[Exercise goal]
Taking the data below, please print only the lines from the line holding "水言い換えるとホラー花蜜精 はちみつクレンジングソープ 85g" to the line holding "Wir berichten am", inclusive, with pictures omitted.

[Given data]
********

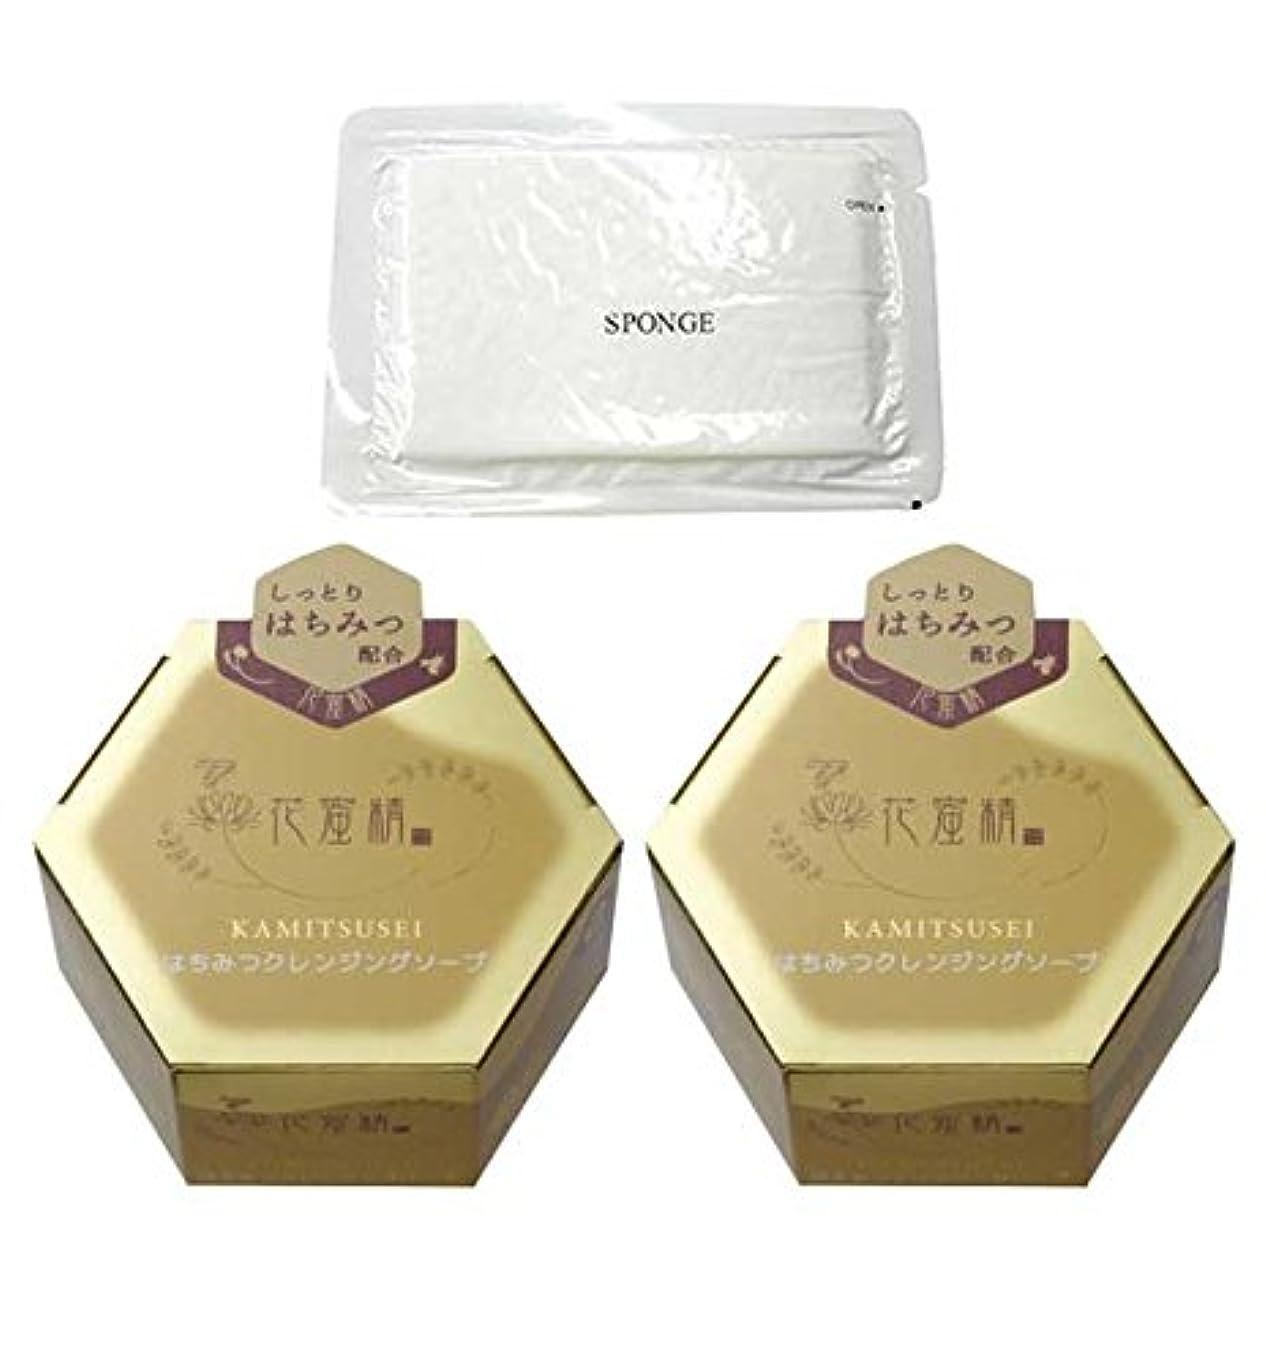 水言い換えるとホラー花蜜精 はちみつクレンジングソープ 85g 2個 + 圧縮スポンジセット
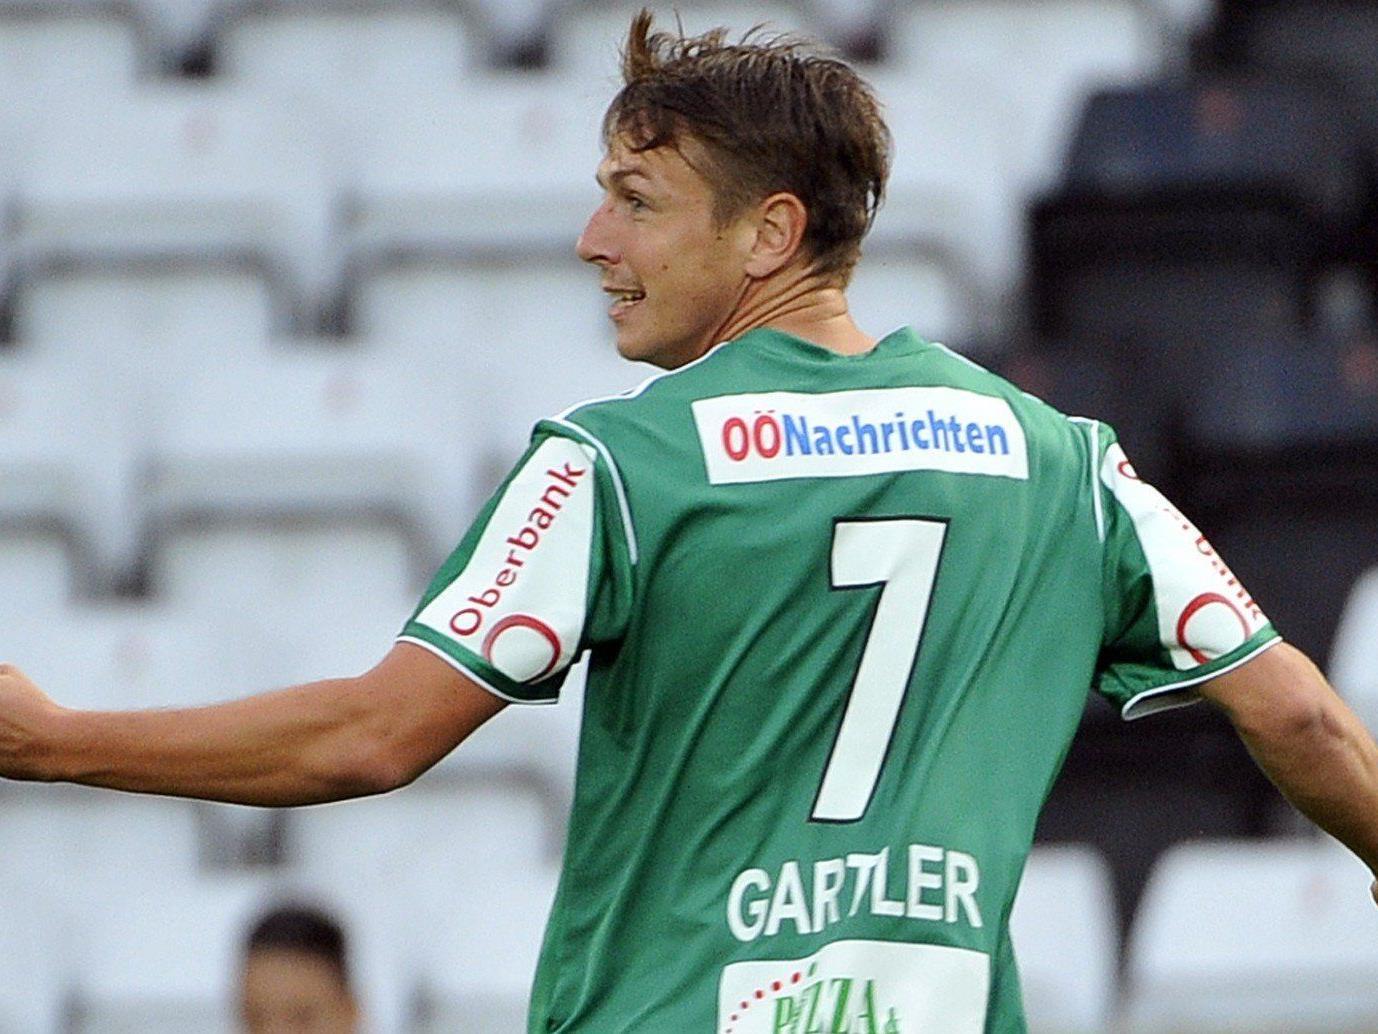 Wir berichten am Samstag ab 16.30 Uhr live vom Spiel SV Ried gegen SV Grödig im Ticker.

********

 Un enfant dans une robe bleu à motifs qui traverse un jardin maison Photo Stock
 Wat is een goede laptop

********

[Reply]
 水言い換えるとホラー花蜜精 はちみつクレンジングソープ 85g 2個 + 圧縮スポンジセット
 Wir berichten am Samstag ab 16.30 Uhr live vom Spiel SV Ried gegen SV Grödig im Ticker.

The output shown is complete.